Art as process: four days, three performances and one installation
Thursday 4 May
Just as Fioroni inaugurated Teatre delle Mostre, she will open the Frieze Projects tribute. On the first public day of the fair, her La Spia Ottica (1968) will be recreated and viewers invited to “spy on the life of a woman in her seductive and ordinary everyday intimateness”, Fioroni says. The artist considers the work especially important in her career arc, in part because “it has been one of my very few performances.” Prior to the 1968 work, Fioroni was known primarily for her paintings. With the performance, she says, “I was trying to grasp an idea of femininity, and not feminism, as many others were doing at the same time.”
Friday 5 May
McNamara’s performance responds directly to Fioroni’s. In place of Fioroni’s bed, McNamara will install a stage from which an actor will give instructions to eight others.
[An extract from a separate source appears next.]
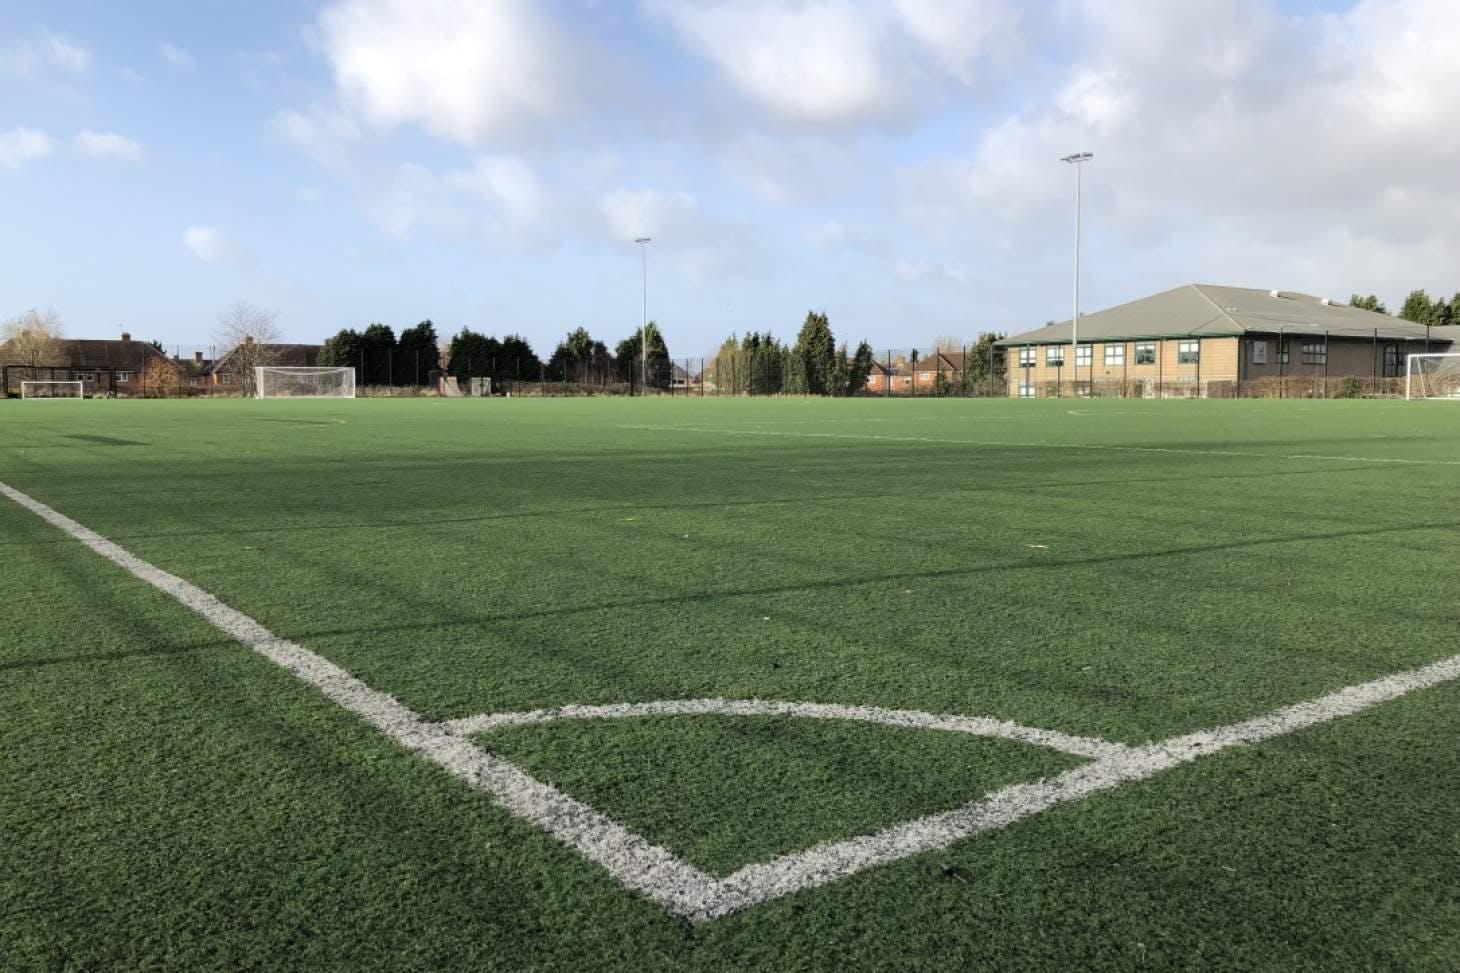 John Madejski Academy (White Horse Federation) 5 a side   3G Astroturf football pitch

Along the walls of the booth, McNamara will place domestic objects that could conceivably exist in Fioroni’s bedroom. “I wanted to do some mirroring,” McNamara says, adding that there will also be major differences between the two works. His performers will patrol the fair with latex masks of their own faces. “The booth is sanctuary for these humanoid creatures,” he says. “Once they need to go to their rejuvenation station, they head back to the room, where they are allowed to shed their human skin.”
Saturday 6 May
“When I’m presented with the idea of responding to historical material, I think of parallel tracks, rather than trying to get into the same lane,” Pendleton says of his performance, which is done in collaboration with the singer and songwriter Alicia Hall Moran. With a string quartet and two gospel singers, Moran will perform an aria she composed, for which Pendleton wrote the libretto. “The booth will be on the spare side,” Pendleton says, focused on an installation based on an earlier collage of his that will “function like a traditional theatrical backdrop”. His libretto is also based on an earlier work: it expands on his 2007 Performa commission, The Revival, which was the first project he collaborated on with Moran.
Sunday 7 May
On the final day of the fair, organisers will restage Mauri’s Luna (1968), which will be installed “just like it was, in a dark room, with a black ceiling and two portals” through which visitors can enter the space, according to Alemani. The booth will be filled with Styrofoam “pearls”, which in the original work came up to one’s knees. In retrospect, Mauri’s work was prescient: he first staged it more than a year before the Apollo 11 moon landing in July 1969. Luna also provided a new outlet for Mauri’s performative work (in addition to being an artist, he was a playwright). The work will be installed in consultation with his estate.